I know. What I am saying is that, in theory, instead of "Stash the GL calls in a batchbuffer" you could also "Stash the Vulkan calls in a batchbuffer" or "Stash the printf calls in a batchbuffer". Actually, the latter is something I was planning to do (or at least try out) the coming week, even though printf is not a single-threaded API. (Or at least the printf implementation which I am using for debugging purposes, doesn't mix output from concurrent calls.)

Of course, you were correct to point out that the single-threaded nature of OpenGL does not generally apply to GPUs, but is specific to the OpenGL API itself.

**Pontostroy** · 06 February 2017, 04:57 AM

i did some test, for many apps (csgo, glxgears, gputest) mesa_glthread does not work

Code:

_mesa_glthread_init
_mesa_glthread_destroy

talos result

Talos Ultra	ren_bMultiThreadedRendering=1	ren_bMultiThreadedRendering=0
mesa_glthread=true	44,5\61,4\33,9	43,9\60,4\32,6
mesa_glthread=false	45,5\62,1\33,3	43,7\59,9\32,4

**M@GOid** · 06 February 2017, 07:00 AM

Originally posted by Mark Rose View Post

I hope this helps with ETS2!

I believe that game would benefit from more bit polishing from the developer. Even on Windows the diference between DirectX and OpenGL are huge.

**funfunctor** · 06 February 2017, 07:20 AM

Originally posted by indepe View Post

I know. What I am saying is that, in theory, instead of "Stash the GL calls in a batchbuffer" you could also "Stash the Vulkan calls in a batchbuffer" or "Stash the printf calls in a batchbuffer". Actually, the latter is something I was planning to do (or at least try out) the coming week, even though printf is not a single-threaded API. (Or at least the printf implementation which I am using for debugging purposes, doesn't mix output from concurrent calls.)

Of course, you were correct to point out that the single-threaded nature of OpenGL does not generally apply to GPUs, but is specific to the OpenGL API itself.

Ah I see where your miss understanding is coming from now. Right so, with Vk you don't need to do that as Vk already has things like command buffers where you can configure as many concurrent streams as you like and handle all that yourself. This is what is meant by Vk being "low level" in that you as the user then become responsible for setting up the threads, buffers and whatever else, packing them with data and sending them on their way. Hope this helps without being too technical, let me know if you still don't understand and I can explain more deeply..

**indepe** · 06 February 2017, 07:37 AM

Originally posted by funfunctor View Post

Ah I see where your miss understanding is coming from now. Right so, with Vk you don't need to do that as Vk already has things like command buffers where you can configure as many concurrent streams as you like and handle all that yourself.
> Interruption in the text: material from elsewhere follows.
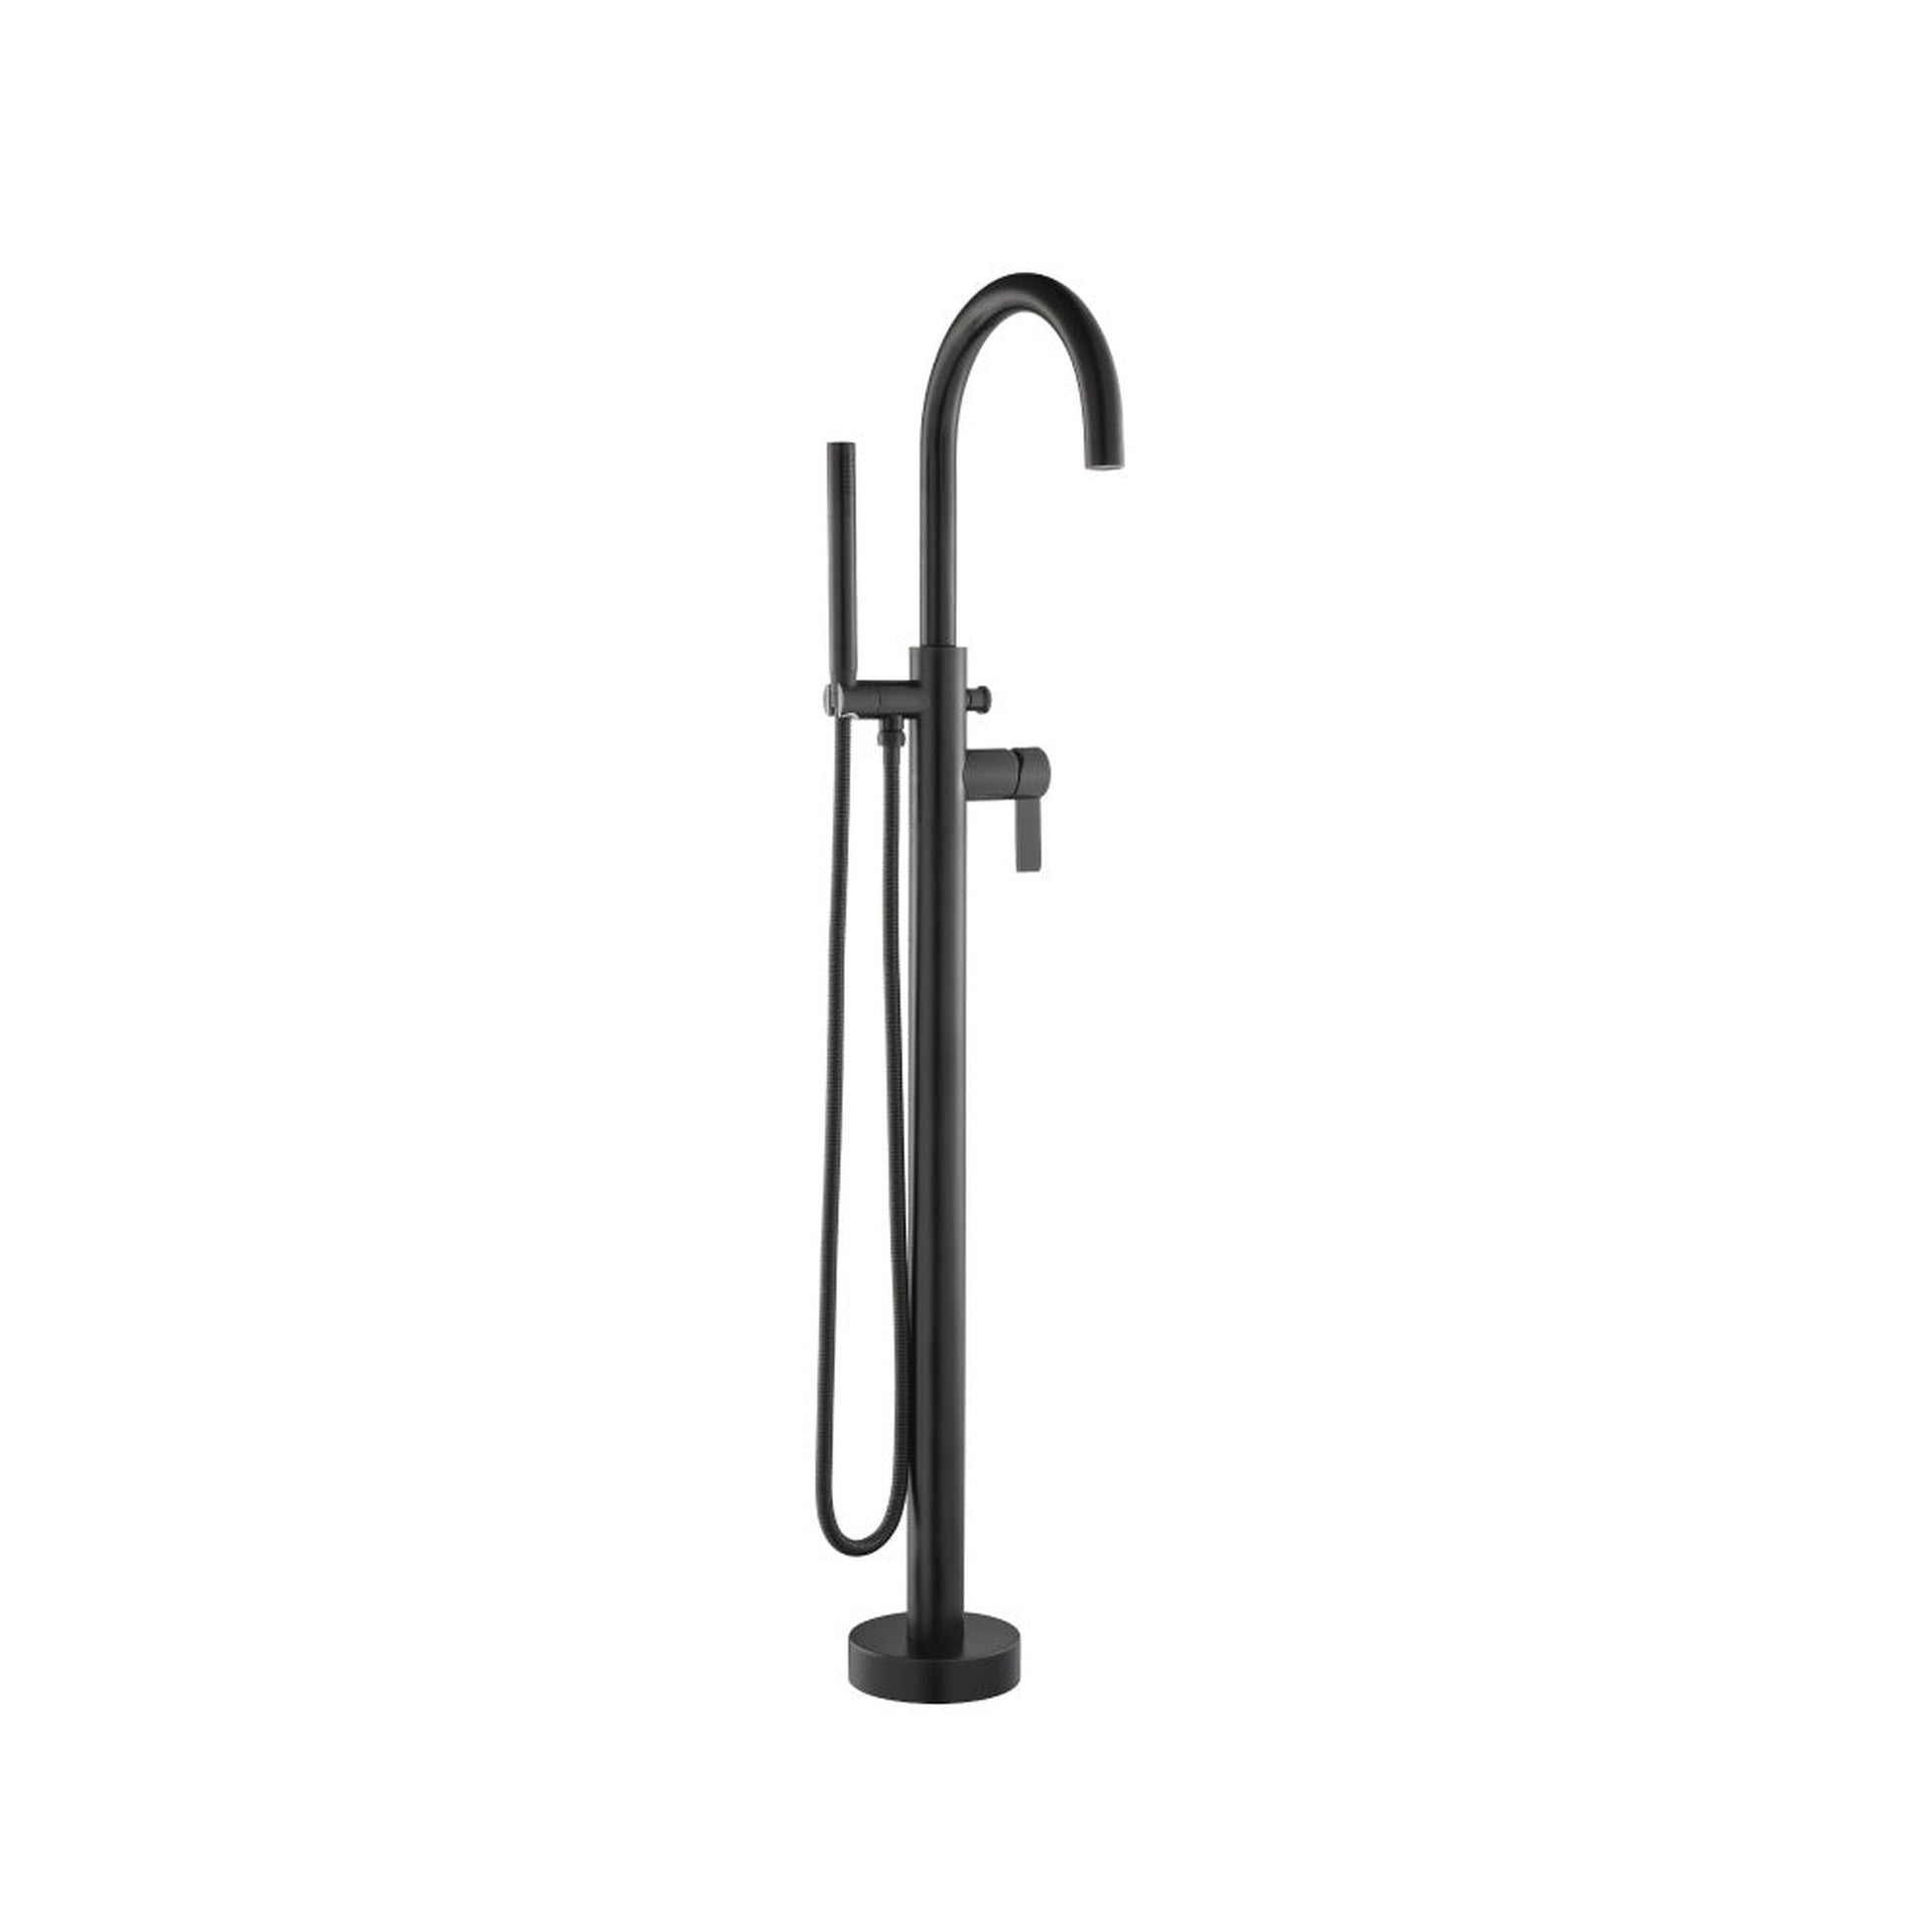 Isenberg Serie 145 Matte Black Freestanding Floor Mount Bathtub / Tub Filler With Hand Shower
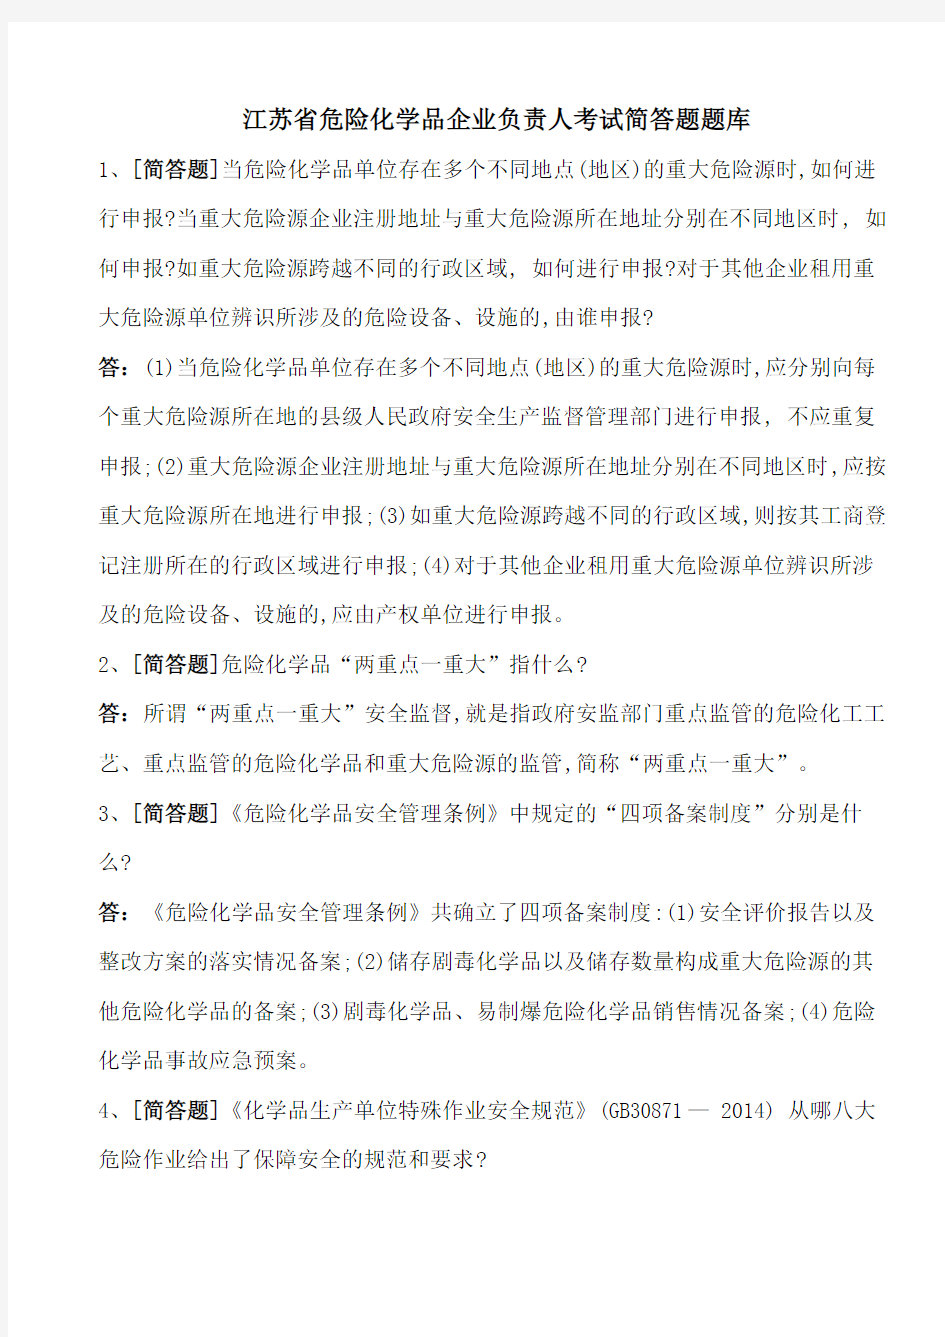 2018年江苏省危险化学品企业负责人考试简答题题库(103道题)

This is what is meant by Vk being "low level" in that you as the user then become responsible for setting up the threads, buffers and whatever else, packing them with data and sending them on their way. Hope this helps without being too technical, let me know if you still don't understand and I can explain more deeply..

Not sure about what the misunderstanding is. I'd say with OpenGL this technique may make sense because the CPU overhead of API calls is high, so you might try to move this overhead to a different core. With Vulkan you have lower overhead (aside from that it has to compete with other options of making use of multiple cores).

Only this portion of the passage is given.